# Can i save My 02?



## silly2002sentra (Jul 2, 2008)

Hello,Please excuse how long this post is.... My wonderful son drove it with no oil, brought it home and it was running like crap. It wasnt making any noise though and a little smoke. Ok i filled it with oil and drove it some it was ok but still not right. Then it sat for a few weeks and i took it to the shop to have him look at at it and i had a loud click coming from the engine, (only under acceleration not while idling) and white smoke out of the exhaust...... i realized the headgasket was gone too... so i limped it to the shop about 5 blocks away. He obviouosly said the gasket was bad but didnt hear the noise because it was idling. Sooo i limped it back home. Now ive had it sitting 5 months and i want to replace the head gasket, which i can handle,but that noise is what scares me. I know it isnt going to magically go away when i put everything back together. Honestly i dont know what to look for. Now my questions..... Is it a lifter or a rod or bearing or piston slap? Does the fact that it does not make the noise while idling mean anything? should i sell it? (its got 115000 miles and everything else is fine) Time is not a factor as i would actually enjoy ripping this thing apart and trying to fix it, I just dont wanna spend alot......... Thank you so much for sitting through all of that and for your help.


----------



## lobogobo (May 12, 2009)

Sounds like a tear down to me. Without oil, it could have done a lot of damage. You'll need to pull the bottom end and check the mains for damage. The crank could very well be burnt or scored.


----------



## smj999smj (Jan 1, 2006)

I wouldn't bother with the head gasket if this all occured when he ran it out of oil. It's about the same ammount of work to replace the engine with a used engine, which would be the smarter way to go. If the engine got so hot due to the lack of oil that it caused the head gasket to fail, you can almost guarantee there's some other damage to the engine.
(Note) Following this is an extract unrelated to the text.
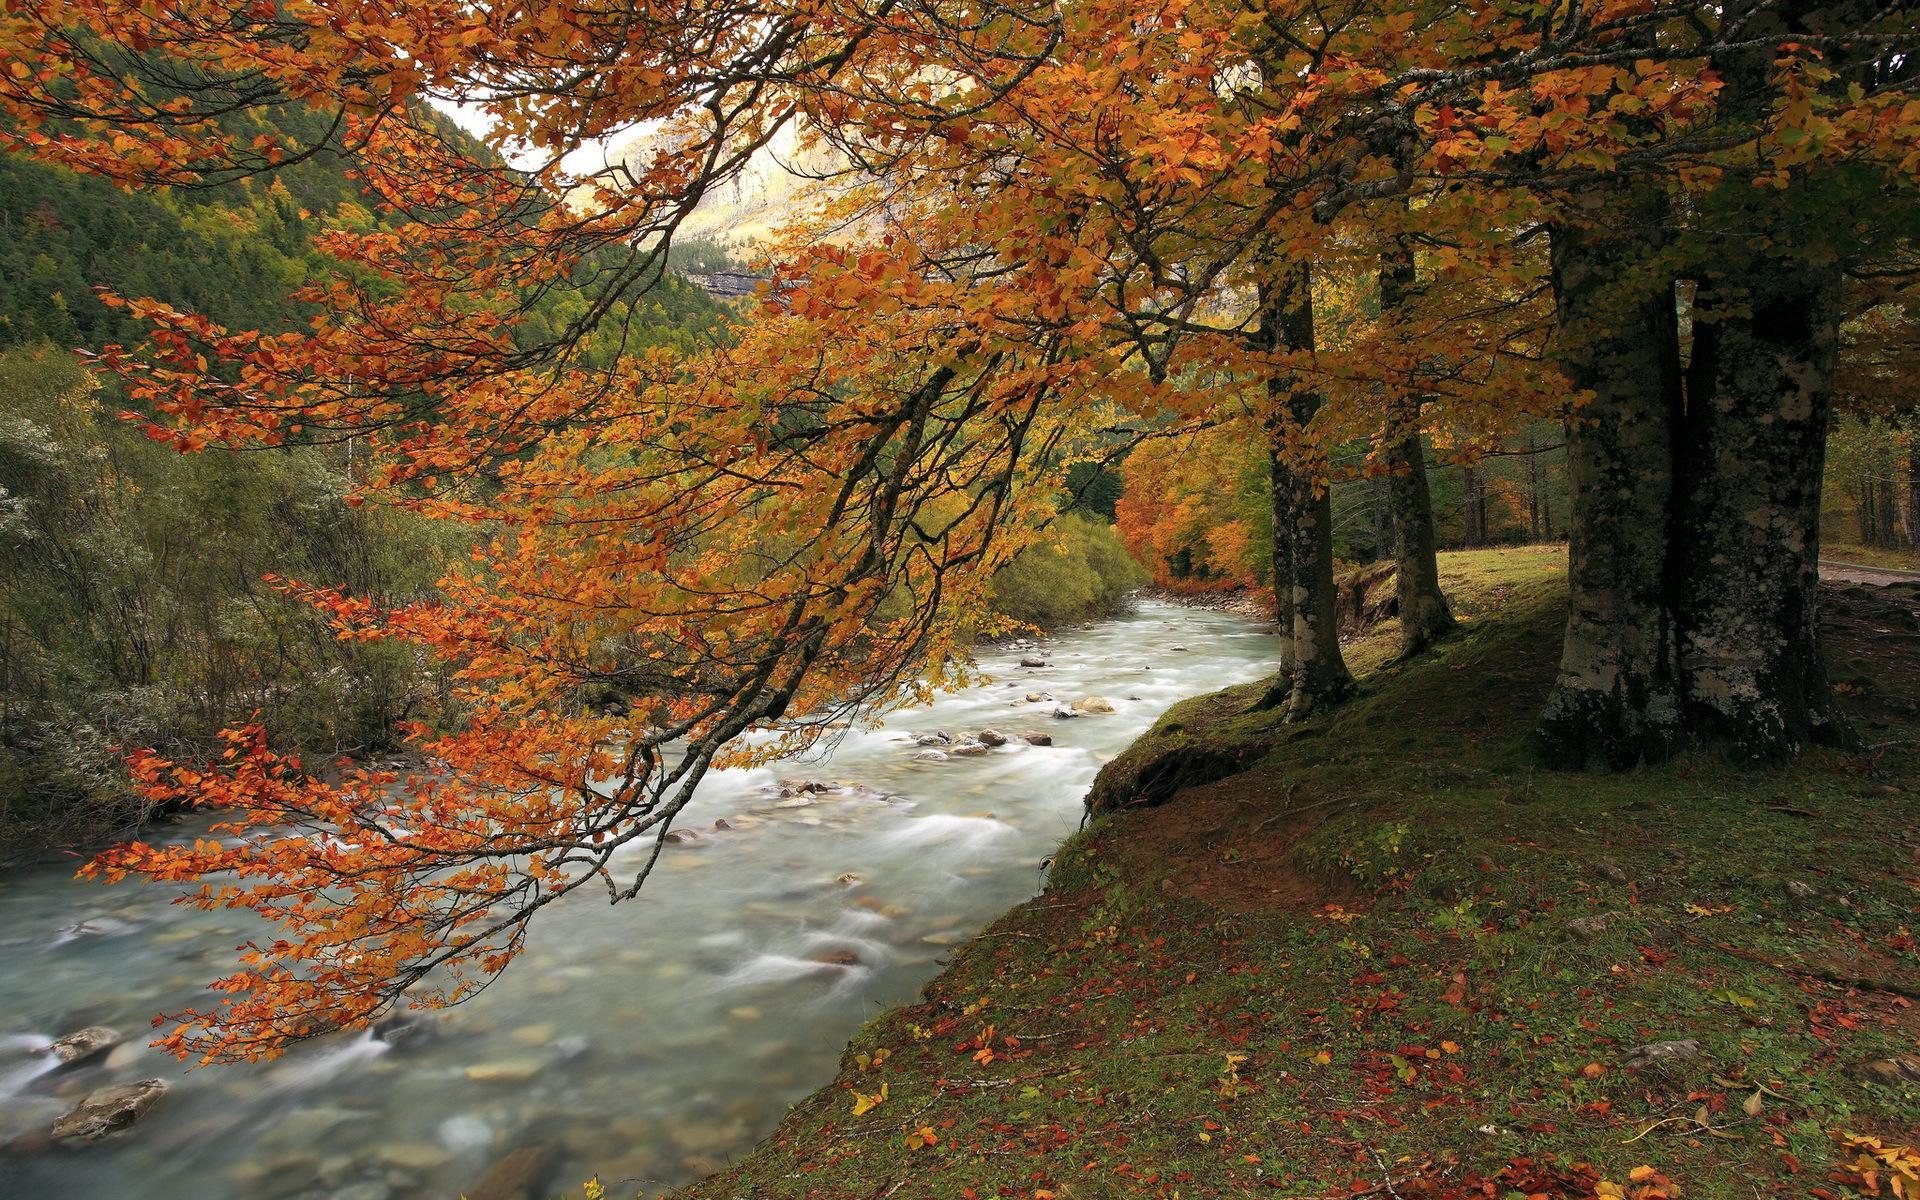 autumn nature river - photo #41

You will also have to investigate why it ran out of oil in the first place? You didn't mention which engine you have. If it's the QR25DE, they were legendary for burning oil due to the front catalyst breaking down and bits of it being sucked into the engine through the exhaust valve and scoring the cylinders (this happens as these engines use the variable camshaft timing to pull some exhaust gases back into the engine rather than the more convention method of using an EGR system). This was addressed in a voluntary recall for 02-03 Sentras and Altimas with the QR25DE engine. The QR18DE engines, on the other hand, or known for the occassional head gasket failures. Was this the cause of the oil loss, or was there an oil leak somewhere? In either case, it might be worth replacing the front catalytic converter; in the QR25DE, it is integral of the front exhaust manifold; on the 1.8L, it is not.


----------



## silly2002sentra (Jul 2, 2008)

Its the qr18de and it seems it was leaking oil out of the valve cover...


----------